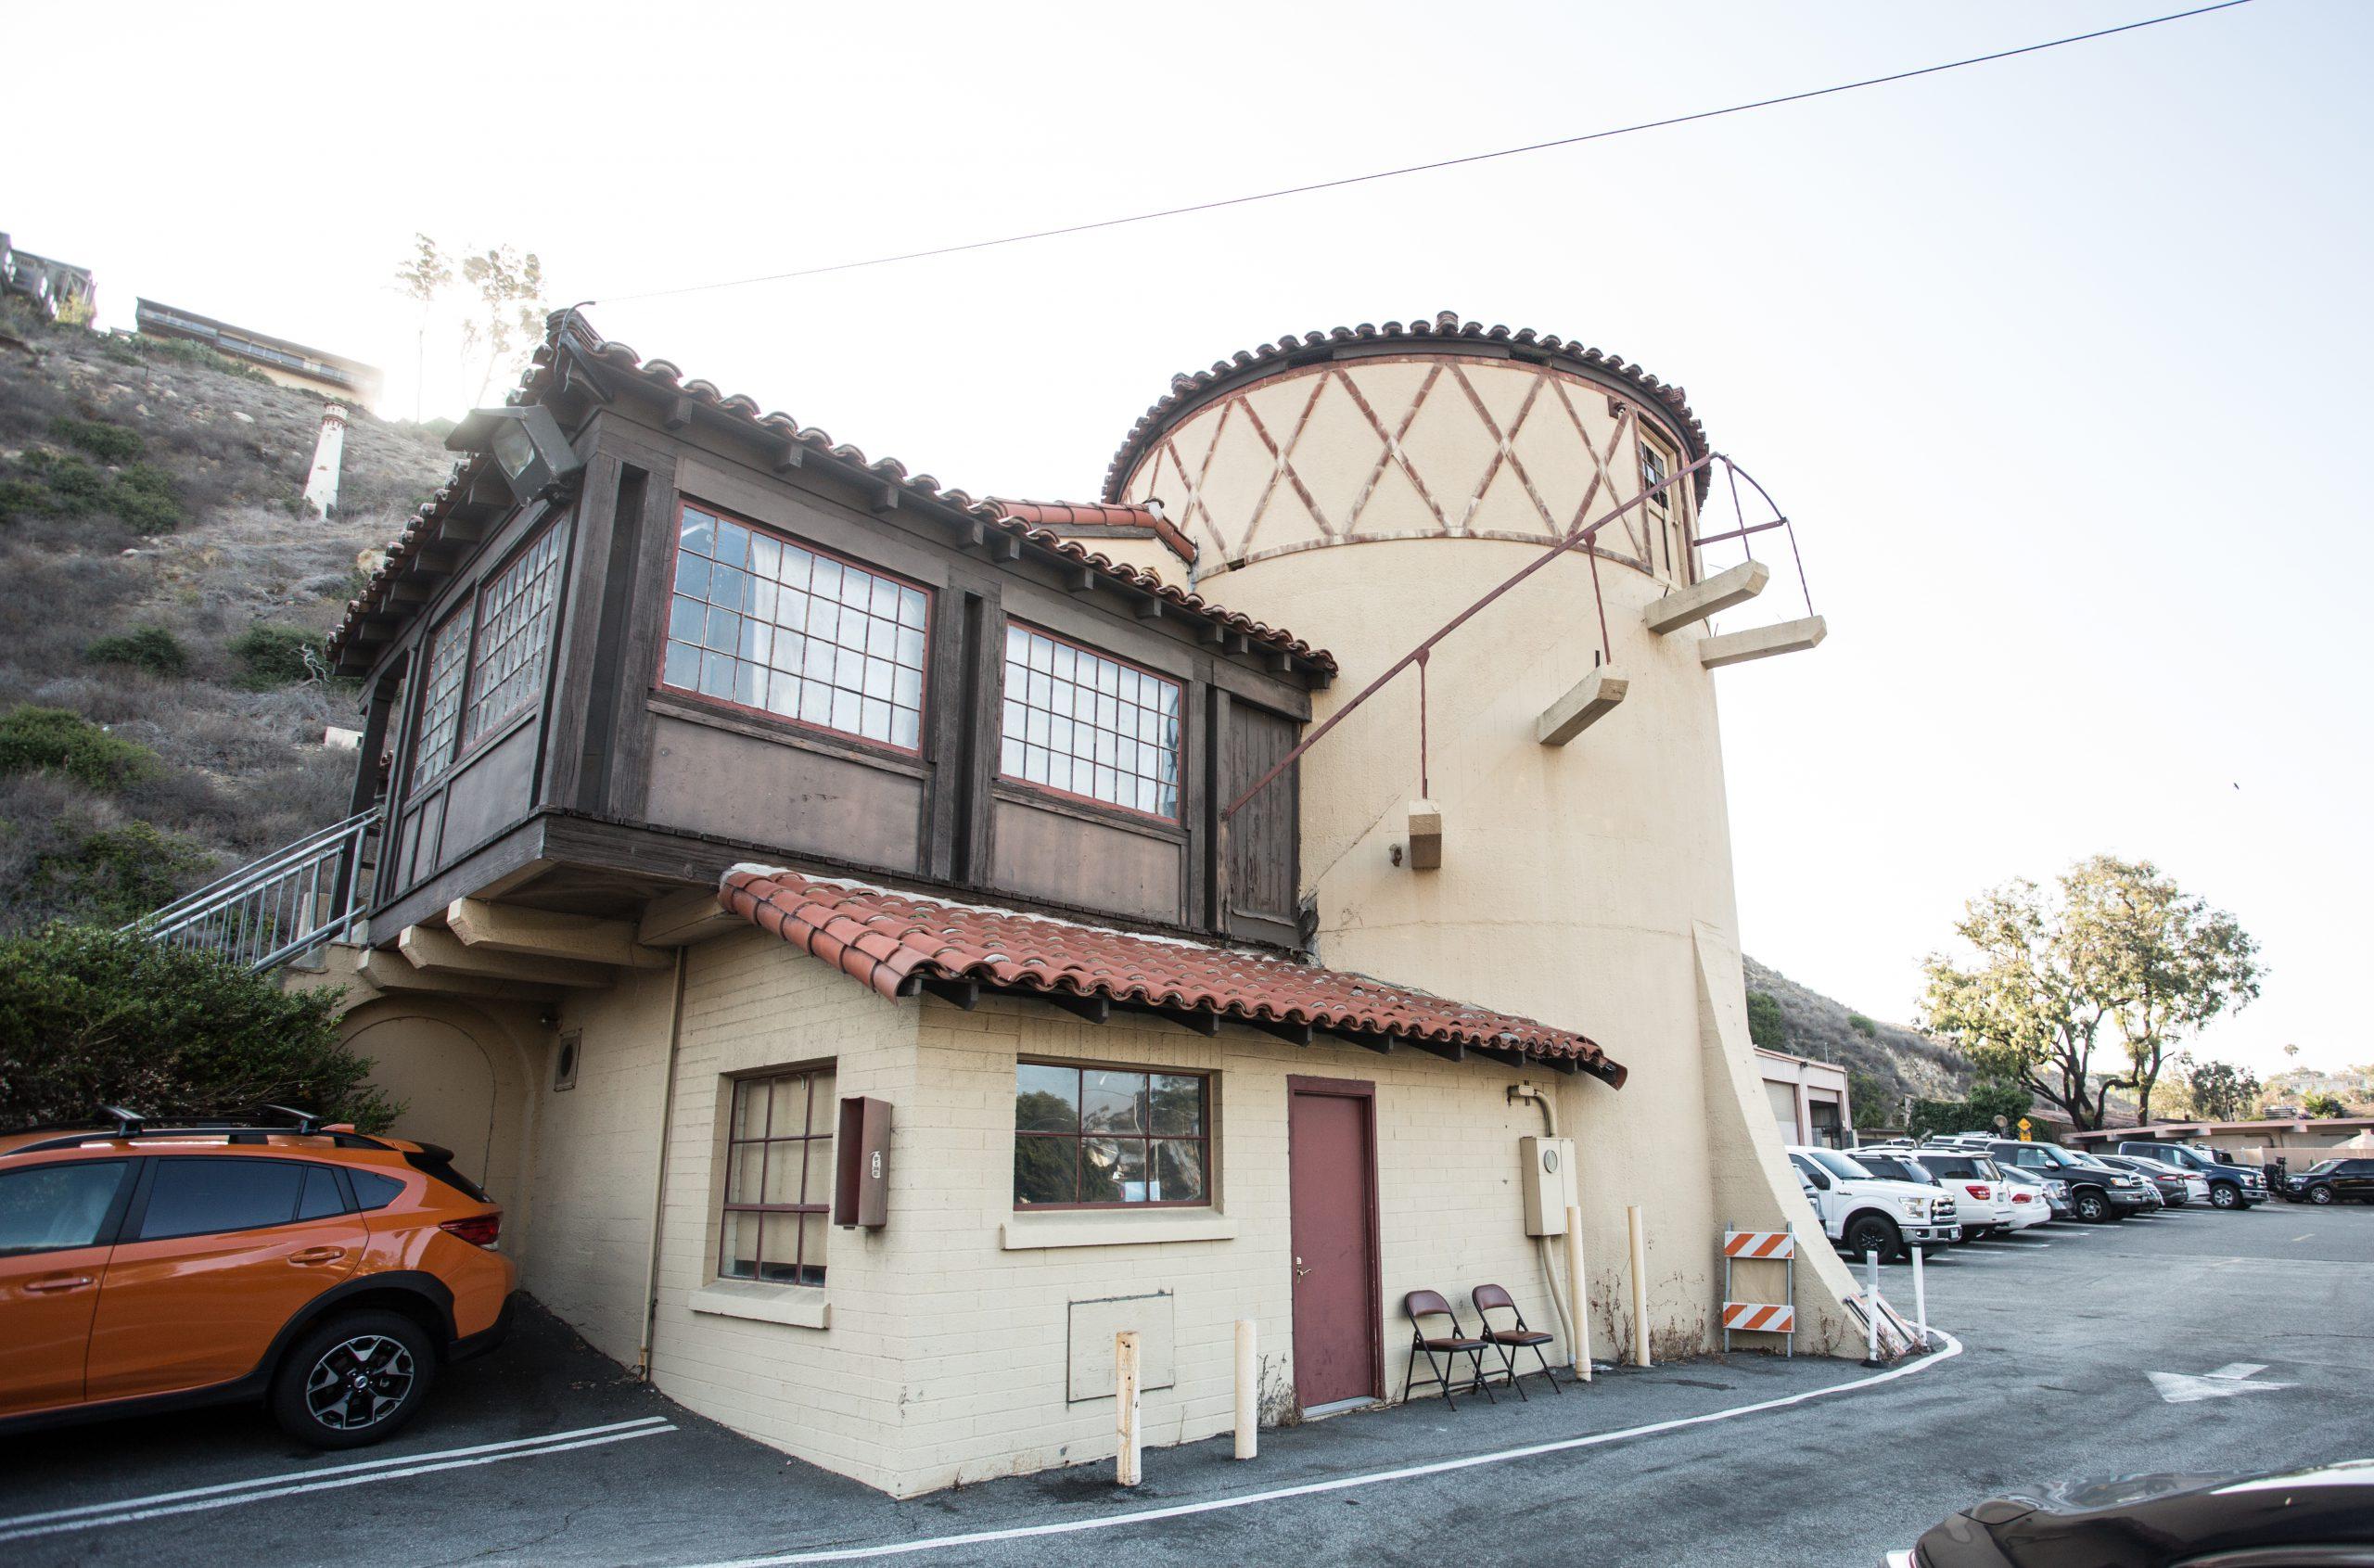 City Council OKs $930k to Preserve Historic Digester Building - Laguna Beach Local News
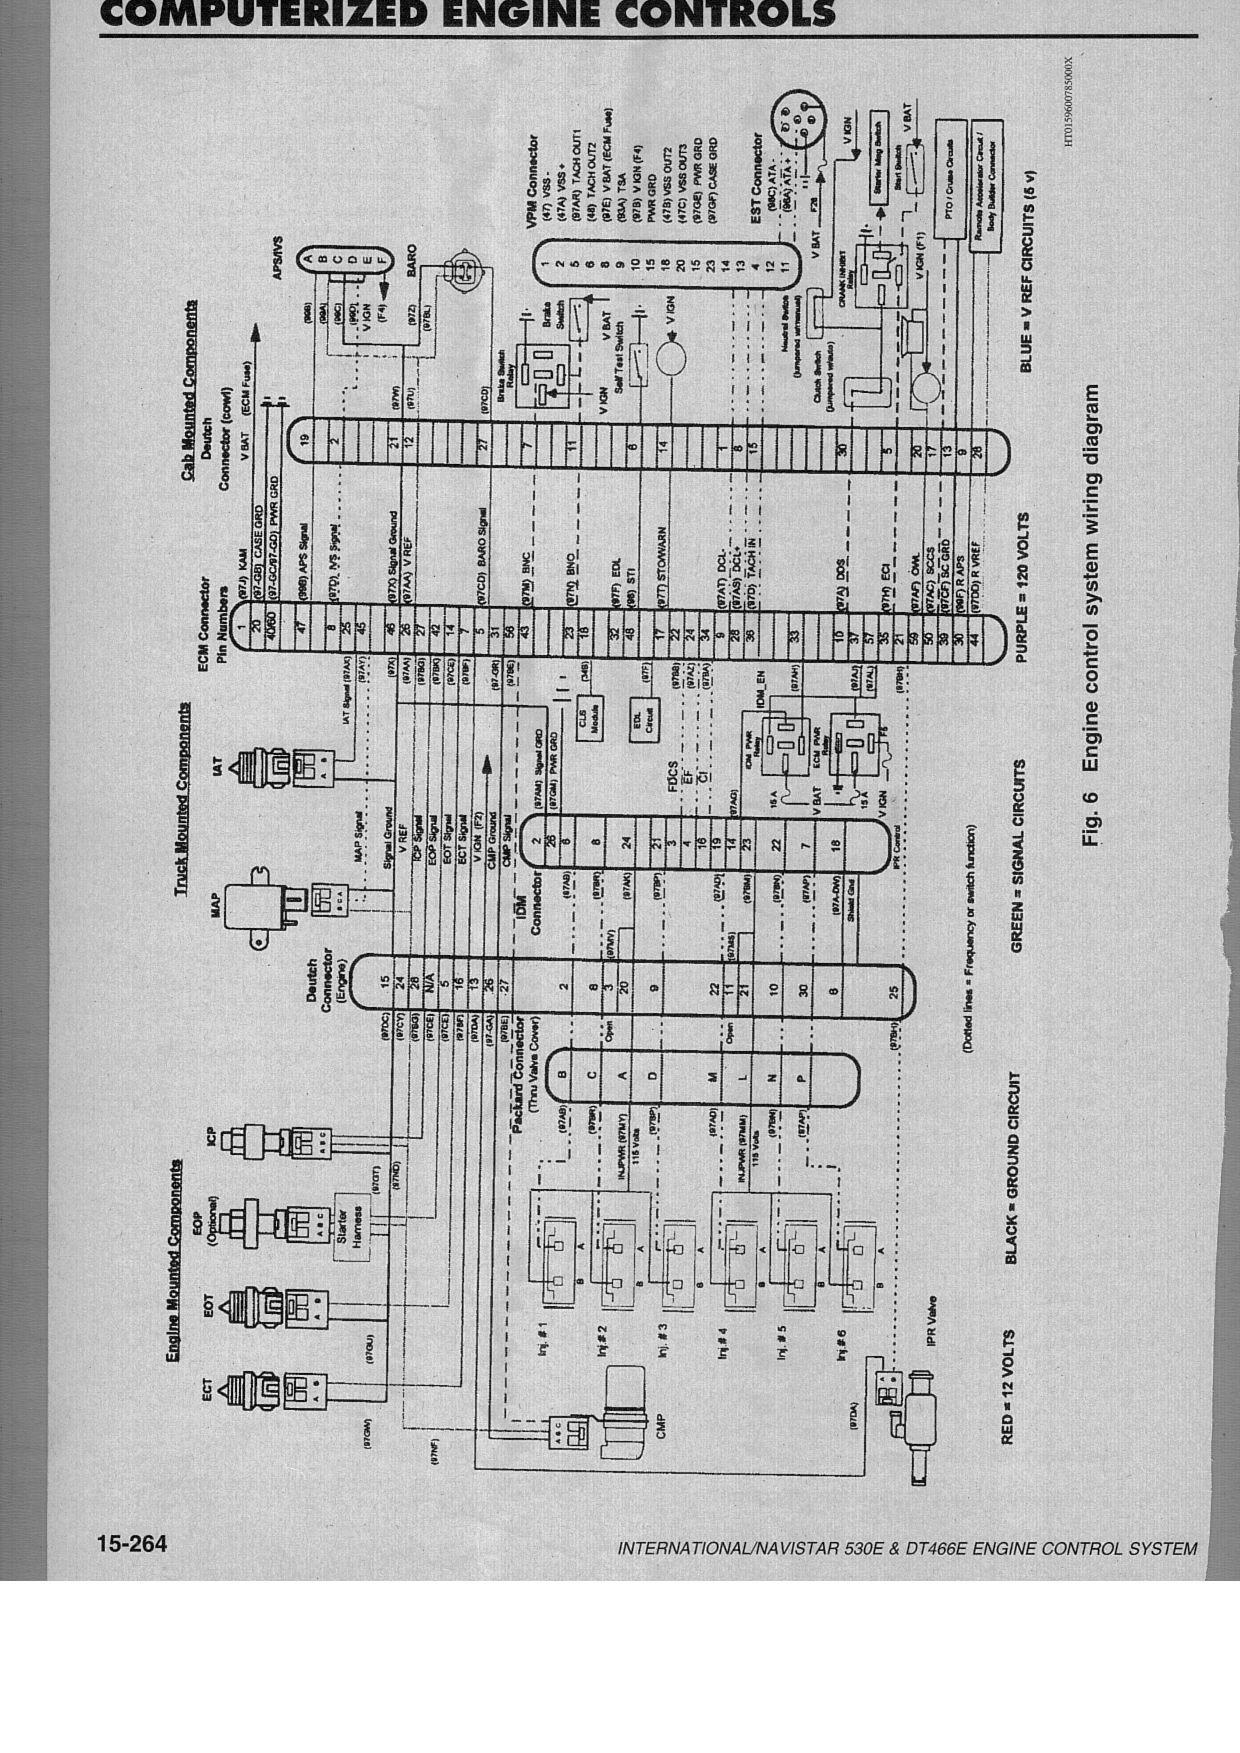 1998 International 4700 Dt466e Wiring Diagram
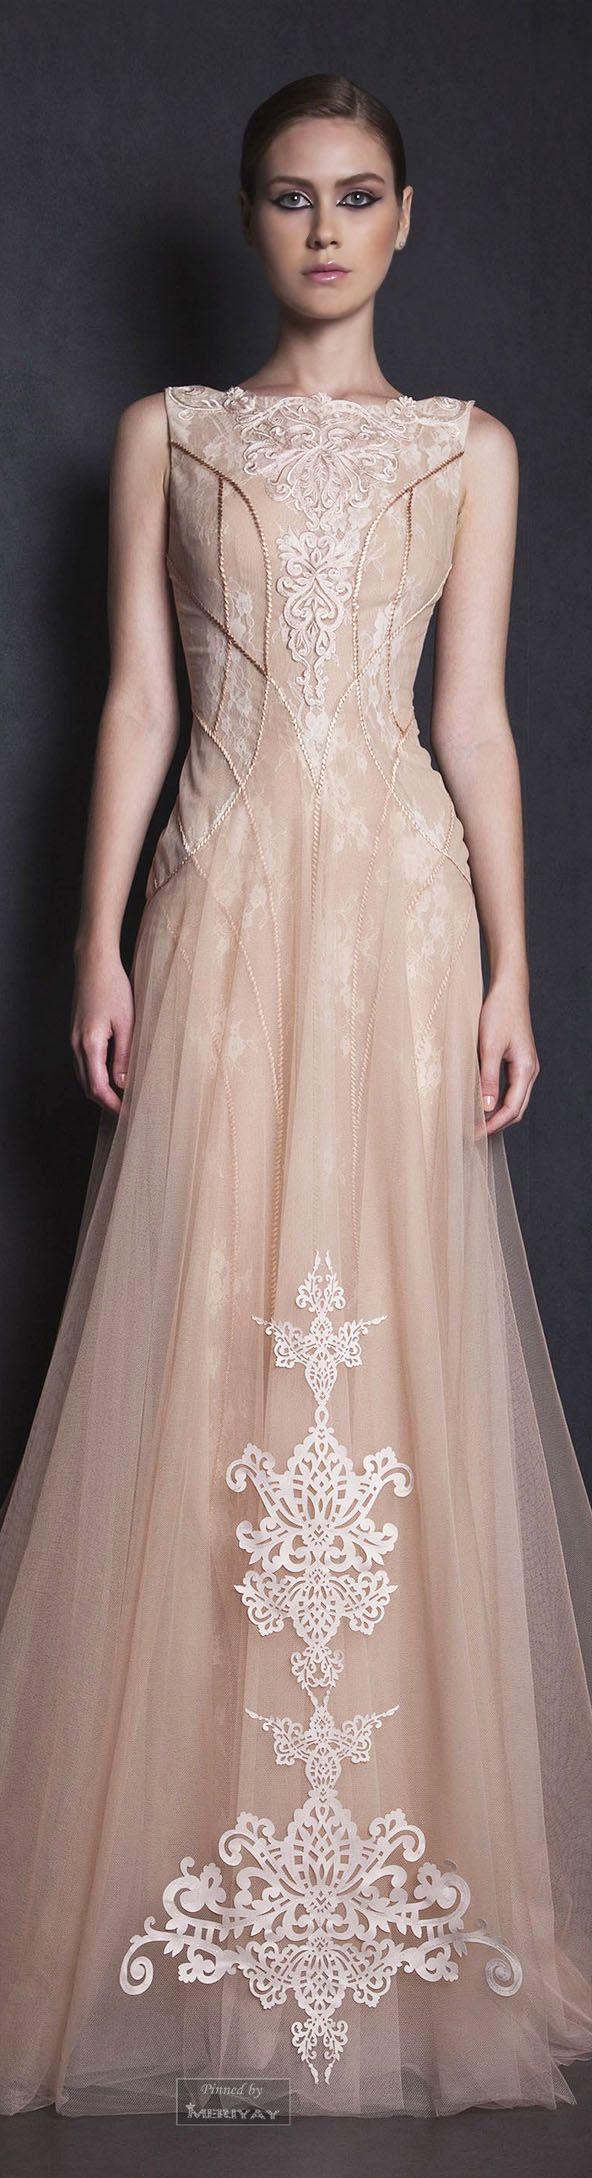 Fustana 2015 modele te fustanave 2015 dresses 2015 fustana modele te - Tony Ward Spring Summer 2015
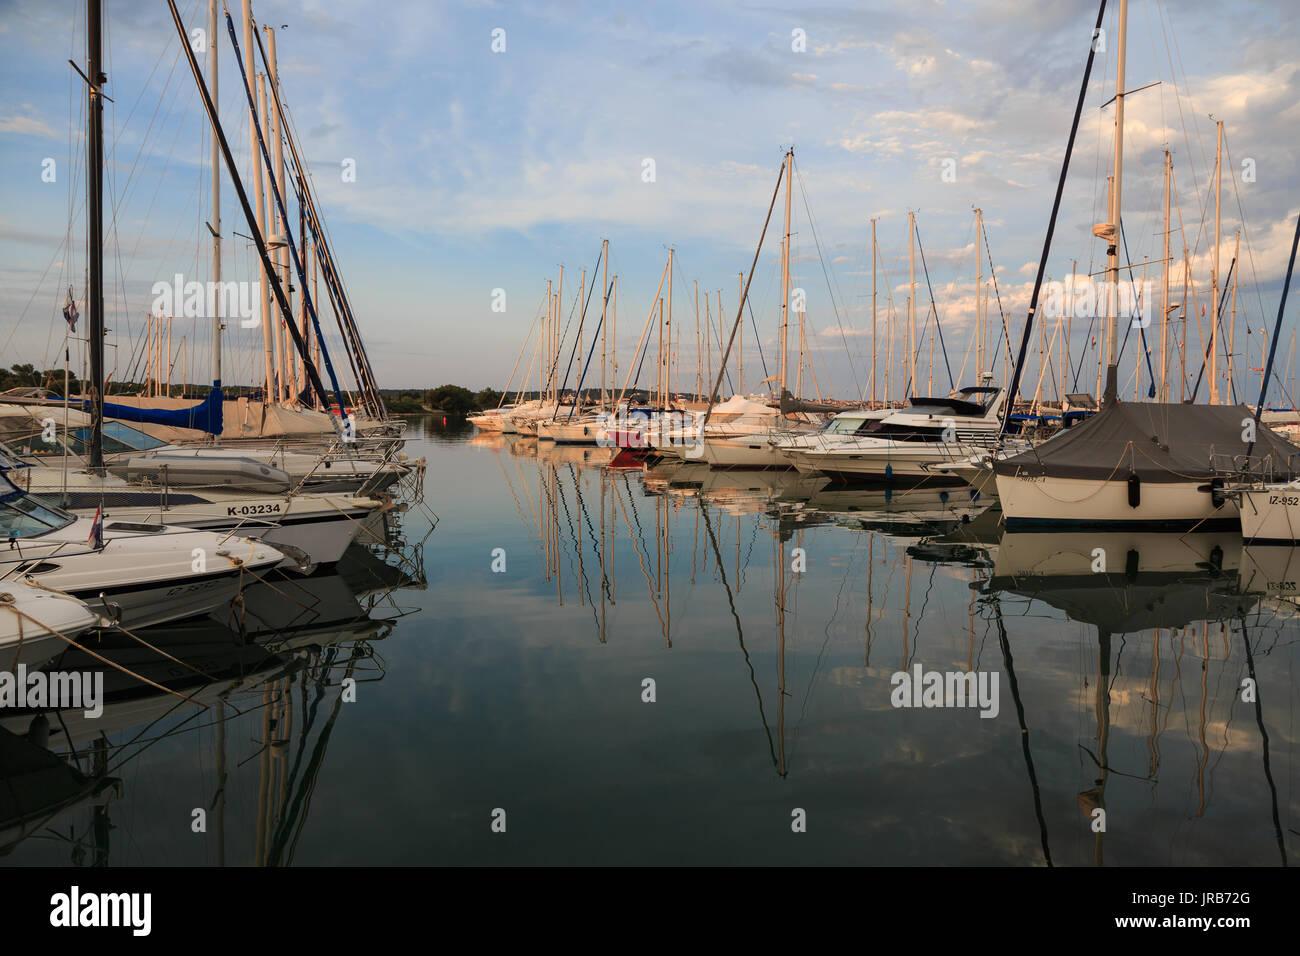 ACI marina, Pomer, Croatia - Stock Image

Work item -> Omit the pictures and output all of the other material exactly.

Written response ->
 City Council OKs $930k to Preserve Historic Digester Building - Laguna Beach Local News
 1998 International 4700 Dt466e Wiring Diagram
 Fustana 2015 modele te fustanave 2015 dresses 2015 fustana modele te - Tony Ward Spring Summer 2015
 ACI marina, Pomer, Croatia - Stock Image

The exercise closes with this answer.